The Scottish magazine that scandalised society
A magazine founded in Edinburgh 200 years ago which grew to be one of the most influential of the Victorian age is being celebrated at the National Library of Scotland.
One of the strengths of Blackwood’s Edinburgh Magazine was in publishing new fiction. A number of literary classics, including Joseph Conrad’s Heart of Darkness, George Eliot’s Middlemarch and John Buchan’s The Thirty-Nine Steps, made their first appearance in print in the magazine.
Competition to appear in Blackwood’s was fierce and other great writers including Arthur Conan Doyle and Robert Louis Stevenson were among those who had submissions rejected by the magazine.
The Blackwood archive is part of the Library’s collection and highlights from the archive and printed collections will be used to tell the story of the magazine in a special treasures display opening on March 30. It includes a copy of the first ever issue from 200 years ago. The display also features some unusual items such as a 1918 edition which saved the life of a soldier during the First World War by absorbing the impact of a bullet.
The first issue of the magazine appeared on April 1, 1817 and it was designed as a combative Tory counterblast to the existing Whig-supporting Edinburgh Review. Its reception was lukewarm, resulting in the publisher William Blackwood firing its founding editors and starting afresh.
The issue which appeared in October that year was not going to be ignored. Blackwood and his new editors – John Gibson Lockhart and John Wilson - decided to stir things up. Controversy was to be courted as a sales tactic.
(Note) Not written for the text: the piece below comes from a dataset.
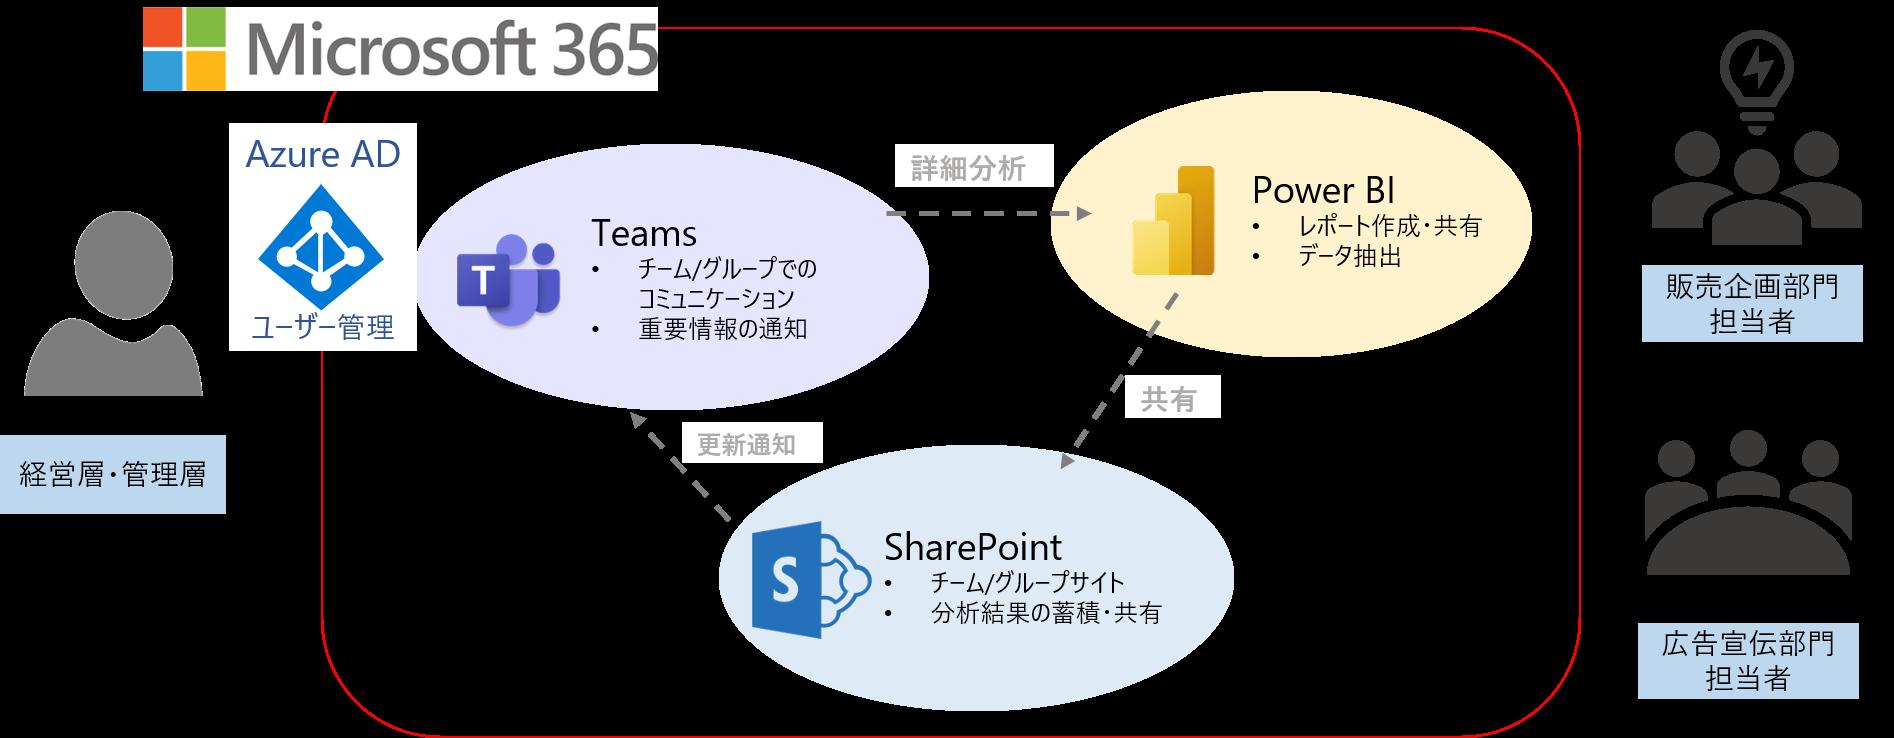 Power BIとMicrosoft 365サービスによる分析プラットフォーム

Notable public figures, among them the magazine’s original editors, were lampooned in one article about the ancient Chaldee manuscript that professed to be the discovery of an ancient biblical text. It was the shape of things to come. Readers were both scandalised and captivated by the satirical attacks on prominent figures and the harsh reviews handed out, particularly to certain members of the London literati.
It resulted in several lawsuits being brought against the magazine. One quarrel in 1821 regarding an attack on the ‘Cockney school’ of poetry ended in a pistol duel being fought in London which resulted in the death of the editor of the London Magazine, John Scott.
Meanwhile, Blackwood’s went from strength to strength, publishing the work of a succession of literary talent including the Ettrick Shepherd James Hogg, Samuel Taylor Coleridge, John Galt, Margaret Oliphant and a great many others.
Although the magazine continued into the 20th century, its best days were behind it. It lost readers to new journals that made greater use of illustrations and employed fresh attention-grabbing tactics, similar to those that had helped to establish Blackwood’s name. It finally ceased publication in 1980.
“From its humble beginnings in Edinburgh 200 years ago, Blackwood’s has left behind a rich legacy as one of the most original and influential periodicals to have been published in Britain,” said Manuscripts Curator Dr Ralph McLean who has put the display together.
“It may have been built on controversy but it came to provide a platform for some of the finest writing in the English language.”
'Laws were made to be broken': Blackwood's Magazine at 200 runs until July 2 at the National Library of Scotland, George IV Bridge, Edinburgh. Entry is free.